Monday, Jul. 14, 1941

Dairymen's Holiday

Many a New York City housewife returned from her Fourth of July weekend to find that her grocer was rationing milk. There was no lack of milk for thirsty children; homes, hospitals, relief agencies got their milk deliveries as usual. But panicky mothers, fearing the milk supply would be shut off, tried to stock up. The 40% of New York's milk that goes into ice cream, butter, cheese and evaporated milk was cut to a trickle. The Dairy Farmers' Union had called a strike, choked off some 3,000,000 of New York City's normal 7,000,000 quarts a day.

In Vermont, Pennsylvania, New York, three of the six States which make up New York City's giant milkshed, striking farmers picketed dairy plants and highways, dumped milk in the roads, poured kerosene on trucks, fired at State troopers. At Pulaski, N.Y., a woman picket was injured. At Rutland, Vt., a deputy sheriff was killed.

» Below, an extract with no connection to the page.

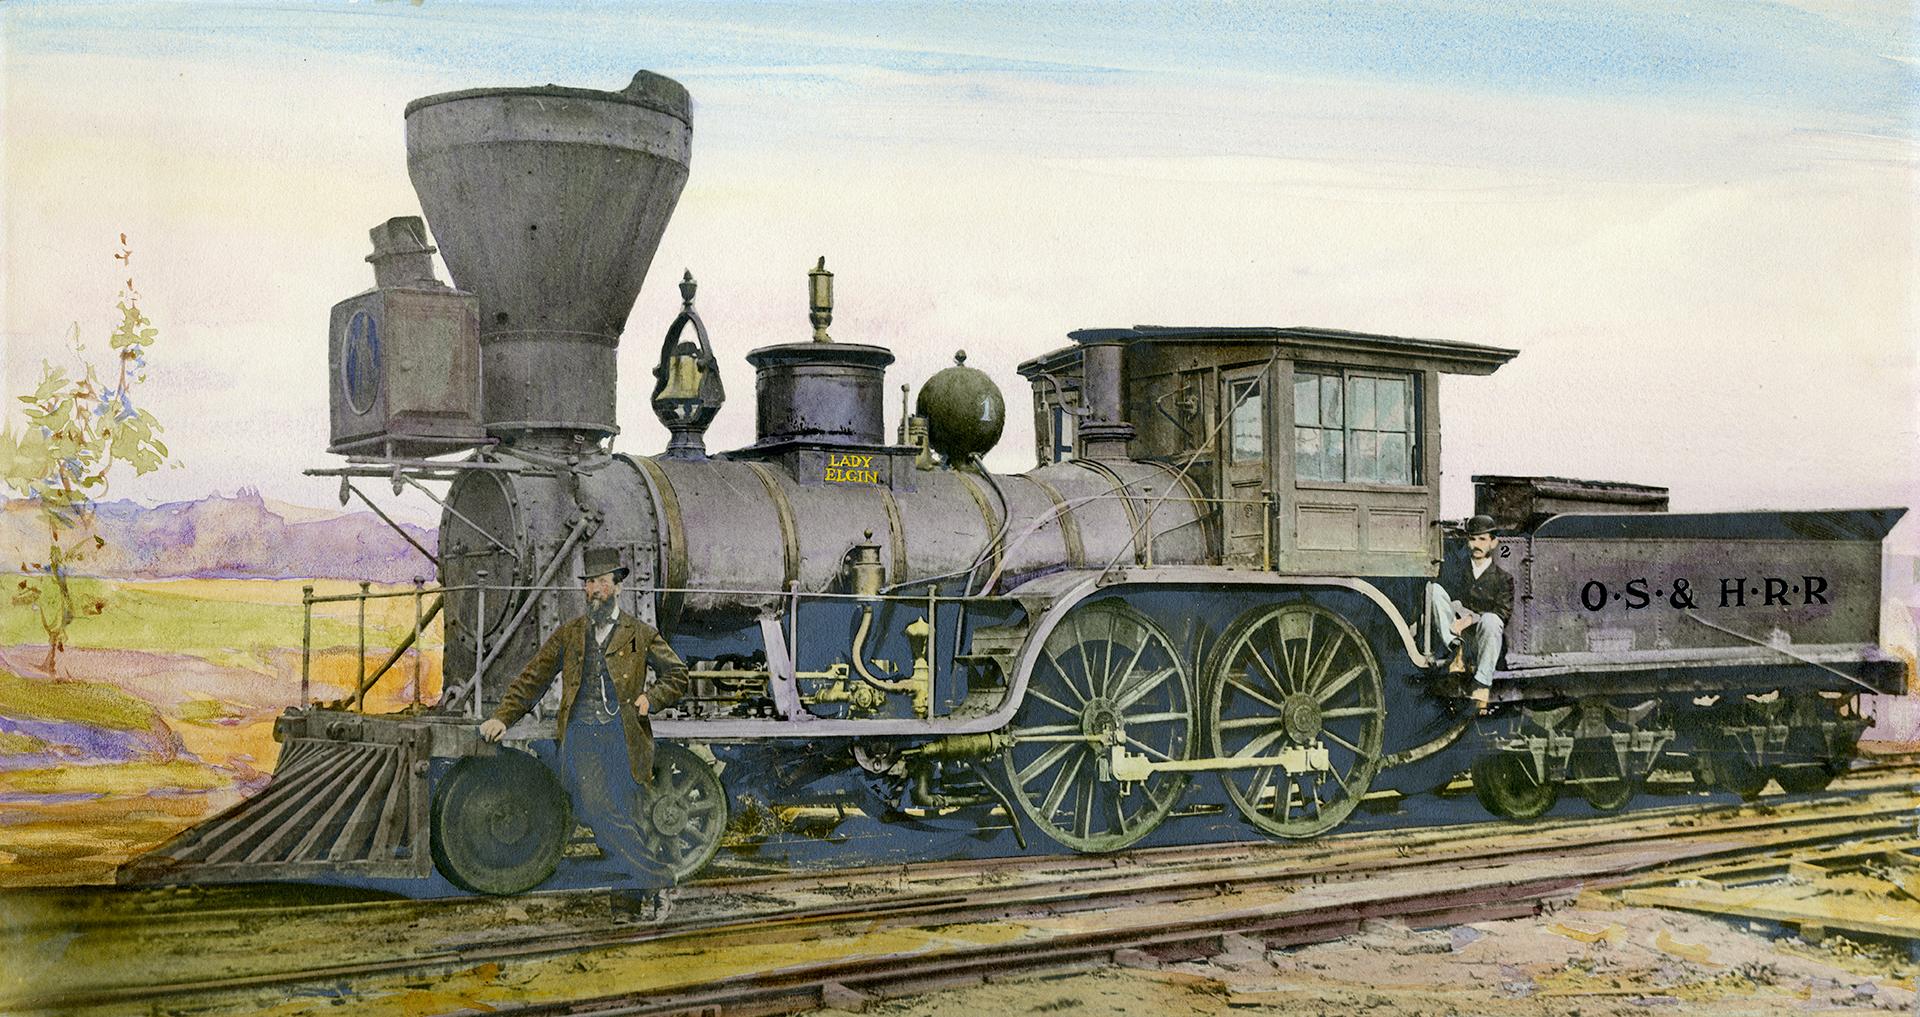 Image shows a steam locomotive on tracks.
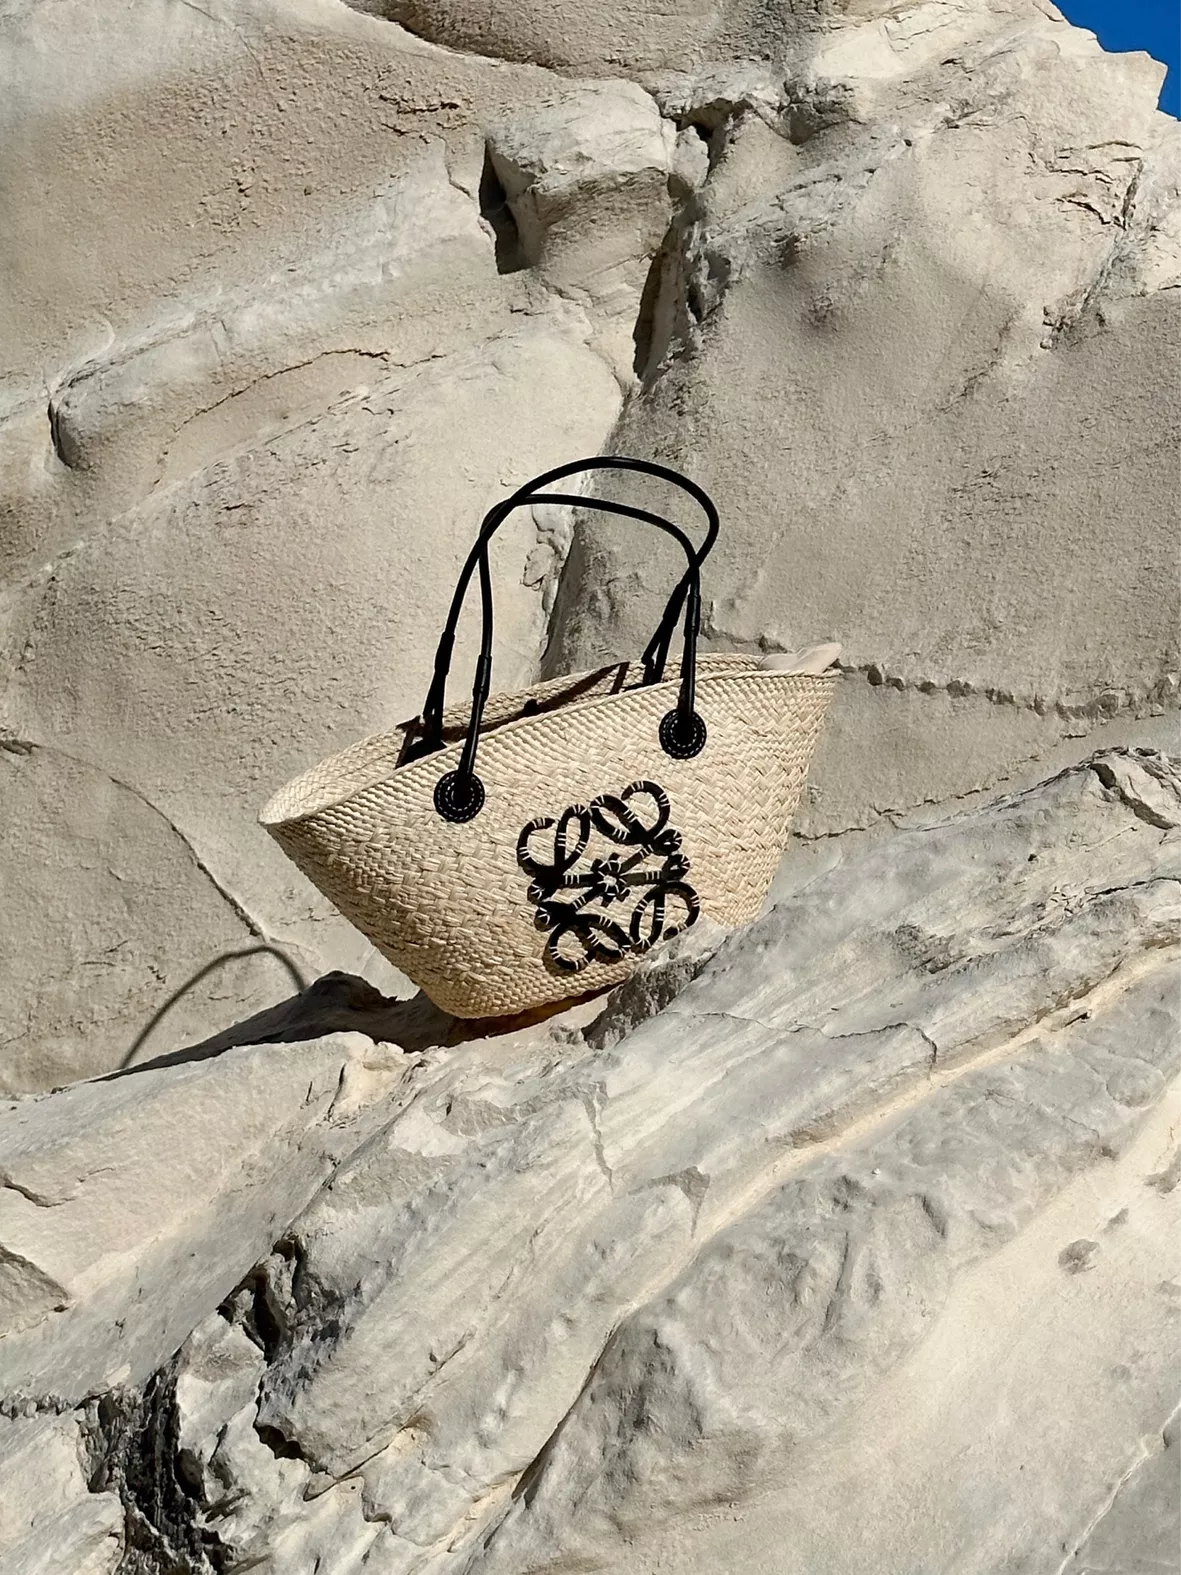 Paula's Ibiza Anagram basket bag curated on LTK

Dairymen wanted more money for their milk. This month, through the Federal-State Milk Marketing Agency which controls producer prices in the milkshed, Secretary of Agriculture Claude R. Wickard upped the price of fluid milk* to $2.65 per cwt. (47 quarts). From August on, the price was to be $2.88. But farmers demanded an average price of $3 per cwt. for all milk, instead of the $2.15 they now get. And that, said Marketing Administrator Nikitas John Cladakis, would drive the price of fluid milk to $4.81 per cwt.

Instead of the 5.6-c- a quart which he now gets for fluid milk from big milk distributors like Sheffield Farms and Borden's, the farmer would get over 10-c-. Much of this rise would be passed on to the public, even if the distributors absorbed part of it. The price the housewife pays for milk (delivered) might jump from 15 1/2-c- a quart to 17 3/4-c-.

No wild-eyed band of labor agitators is the Dairy Farmers' Union, but a group of hard-pressed dairymen who saw no other way to deal with mounting costs. One of the strike's backers had a name that sounded strange in the company of strikers. He was Owen D. Young, retired lawyer and capitalist, former chairman of the board of General Electric Co., author of the Young Plan to reduce Germany's war reparations, onetime near-nominee for President of the U.S. Descendant of a long line of Mohawk Valley farmers, Owen D. (for nothing) Young is one of the biggest dairymen in New York State. His 2,000-acre farm at Van Hornesville, near Utica, produces some 33 cwt. of milk a day--which would be worth about $71 at the present average price.

Day the strike was called, Squire Young announced that he would withhold his milk from the market, churn it to butter. Then he issued a statement explaining the issues behind the strike. Said he:

"Any withholding of goods . . . needed for defense of the nation . . . is to be deplored. . . . Scant attention, however, has been paid to the dairy farmers' repeated pleas for emergency relief. The drought has cut the hay crop in half, and the recent rains . . . have spoiled much [of what remains]. Labor has been drained from the farm to the manufacturing industries. ... Dairy feeds ... are constantly rising. . . ."In short, like many a manufacturer of consumers' goods, dairymen had found their costs rising until they felt they had to raise prices or go out of business.

At Squire Young's invitation, the Dairymen's League Co-operative Association, Inc. (whose 30,000 members produce more than half of New York City's milk) met in Van Hornesville to draw up a "plan for unified action" with the 23,000 members of the Dairy Farmers' Union.

But they did not vote to join the strike. Instead, they adjourned to Albany to talk things over with Governor Herbert H. Lehman, said they would first petition Federal and State authorities to grant a hearing on a higher price. If that failed, and the Dairymen's League joined the strike, 7,454,995 New Yorkers would find themselves seriously short of milk.

* Farmers are paid seven different prices for milk, depending on the use to which the milk is put. Fluid milk is milk in bottles or packages for drinking, fetches the highest price.